It also contended by the
Applicant before the arbitrator that it was
agreed that only the snagging period had been brought forward.
[32]
The dispute referred to adjudication by the Applicant was:
“
9.1
Whether, on a proper interpretation of the Contract, there is a 60
days penalty free period which
runs from the then current date for
practical completion which prohibits the [first respondent] from
levying penalties against
the [applicant] for the first 60 days of
any delay to the then agreed date of practical completion.
9.2
Whether the [first respondent] was entitled to levy penalties from 1
May 2019 or not (in
the light of the penalty free period);
9.3
Whether there has been an amendment / variation / waiver of the
penalty free period as alleged
by the [first respondent].”
[33]
It is clear from the record that the issue in 9.1 was accepted by
first respondent and was not
in dispute in the adjudication and
arbitration.
[34]
It appears without doubt that paragraph 9.2 was indeed in dispute
which is whether first respondent
was entitled to levy penalties from
1 May 2019 or not. It is for the reason in my respectful view, that
in order to adjudicate
on the issue, the arbitration tribunal had to
rely on the pleadings exchanged, documents in support of the
exchanged pleadings
and the evidence adjuced by the parties. It was
therefore within the arbitration tribunal to make a determination of
the date of
practical complication and give effect to the 60 days
penalty free period to give effect to what the parties had agreed to
in terms
of the extensions.
[35]
In repeat that first respondent had accepted 30 April 2019 as
practical completion date with
conditions and absent such conditions,
the practical completion date was clearly set out by the first
respondent to be 28 February
2019 which was supported by evidence
before the arbitration tribunal.
[36]
The applicant in my respectful view, failed to discharge the burden
of proof that in fact the
conditions stated by Mr Dorrenstein of the
first respondent in the exchange of correspondences had been met. On
the contrary, Mr
Dorrenstein in his testimony led evidence, which was
unchallenged that no agreement had been reached to give effect to 30
April
2019 and the Practical Completion Date. The arbitration
tribunal, correctly in my view, made an award that the 28 February
2019
was the Practical Completion Date the effect of which is that
the penalties agreed stated to and from 1 May 2019.
[37]
It follows therefore that the arbitration tribunal did not exceed the
scope of its authority
when it gave the award that 28 February 2019
was the Practical Completion Date.
[38]
On the issue of gross irregularity, I have perused the record of the
proceedings of the arbitration
tribunal.
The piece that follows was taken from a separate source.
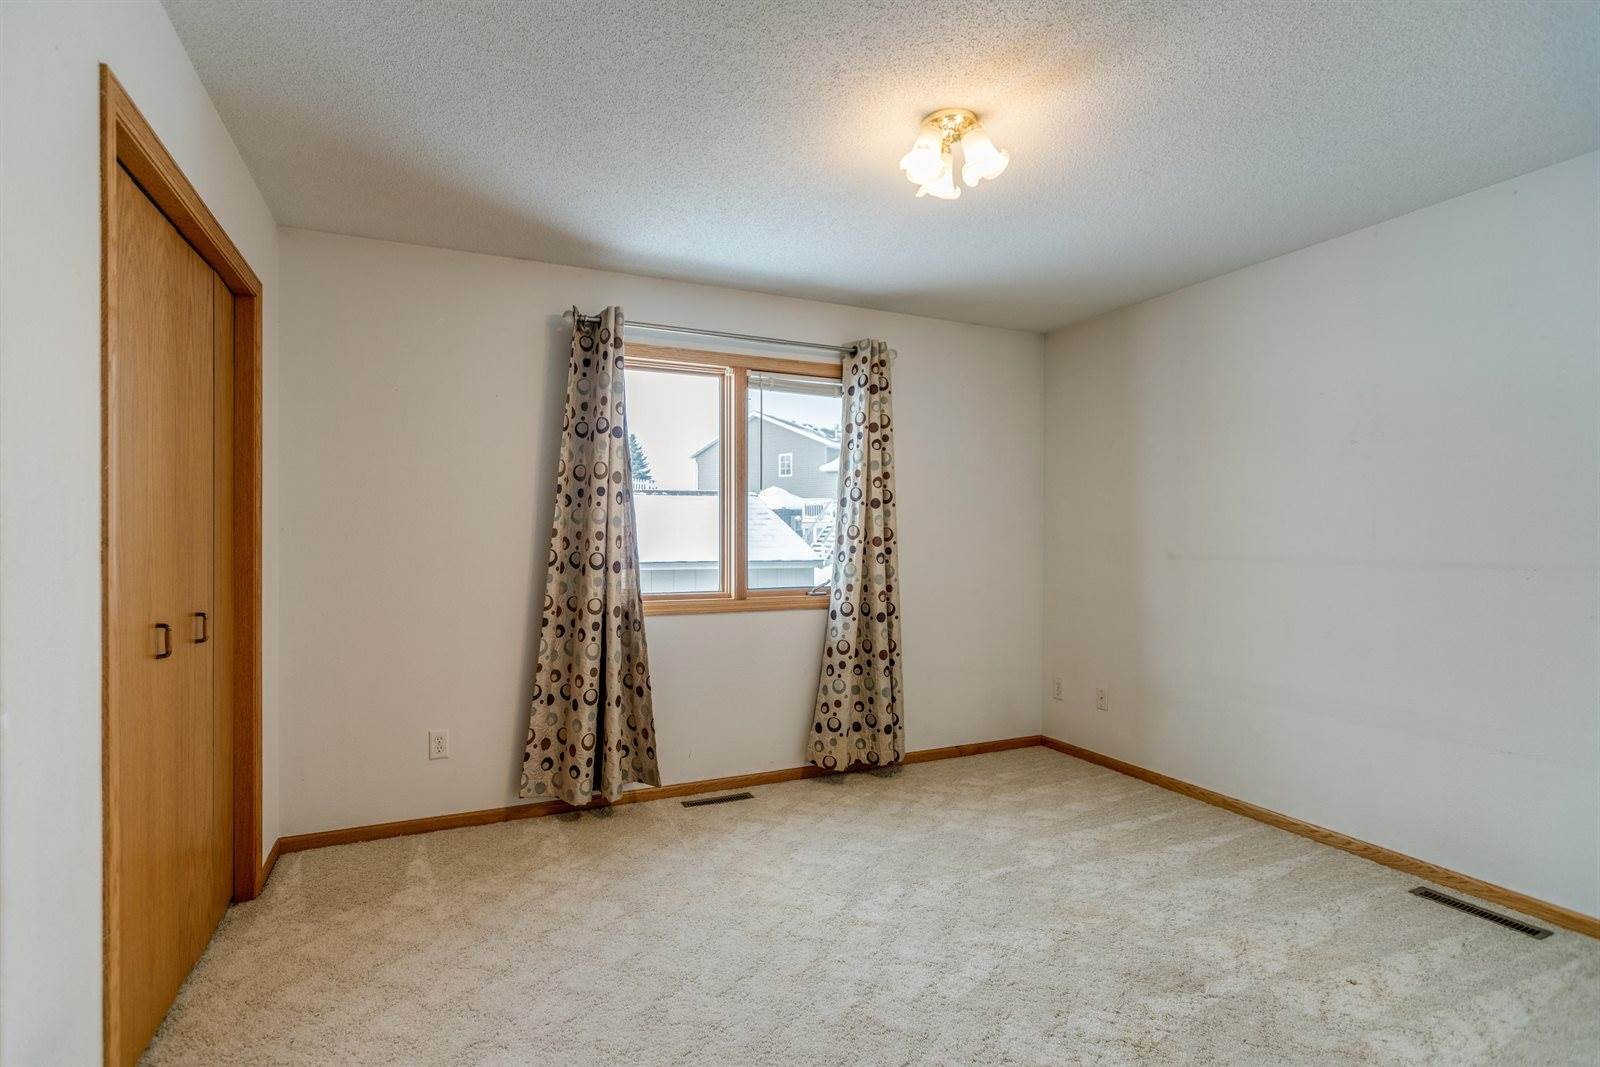 3508 Ridgecrest Drive, Bismarck, ND 58503

Counsel for the Applicant
was allowed to cross-examine the witnesses of the first respondent.
It appears from the record
that the cross-examination did not focus
on challenging the evidence led by first respondent on substantive
issues. I say so because
it was for instance, it was never put to Mr
Dorrenstein that acceptance of 30 April 2019 as a Practical
Completion Date was subject
to conditions that had been met. This was
completely ignored and the evidence that the conditions were never
met as stated in the
correspondence remained unchallenged.
[39]
I noted that the second respondent intervened when he felt that the
cross-examination did not
deal with facts and issues before the
tribunal but simply a proposition by counsel for the applicant which
was not supported by
facts. Such intervention was done in the normal
course and s part of managing the arbitration process. It does not
amount to gross
irregularity as averred by the Applicant.
[40]
Accordingly, I find no basis that the arbitration tribunal has
committed gross irregularity justifying
interference of the award by
this court. It follows therefore that this ground must also fail.
ORDER
[41]
The following order is made:
(a)
The application for review of the award made by the first respondent
is dismissed with costs.
M.L. SENYATSI
JUDGE OF THE HIGH
COURT
Heard:
25 October 2021
Judgment:
24 May 2022
Counsel for Applicant:
Adv A. Subel SC
Instructed by:
Pinsent Masons Inc. Sandton
Counsel for First
Respondent:
Adv B.W. Burman SC
Instructed by:
Tiefenthaler Attorneys Inc. Dunkeld
[1]
[2021]
ZASCA 138
[2]
See
2 LAWSA 3
rd
Ed at paras 80 and 122
[3]
2007
(3) SA 266 (SCA)
[4]
Ellis
v Morgan; Ellis v Dessai
1909
TS 576
at 581.
[5]
See
Telkordia
Technologies Inc v Telkom SA Ltd supra at para 51
[6]
2009
(4) SA 529 (CC
[7]
2013
(6) SA 520 (SCA)
[8]
Supra
[9]
[2005]
UKHL 43
at para 24 where the court was considering the meaning of
“exceeding its powers” within section 68 (2) of the
English
Arbitration Act 1996.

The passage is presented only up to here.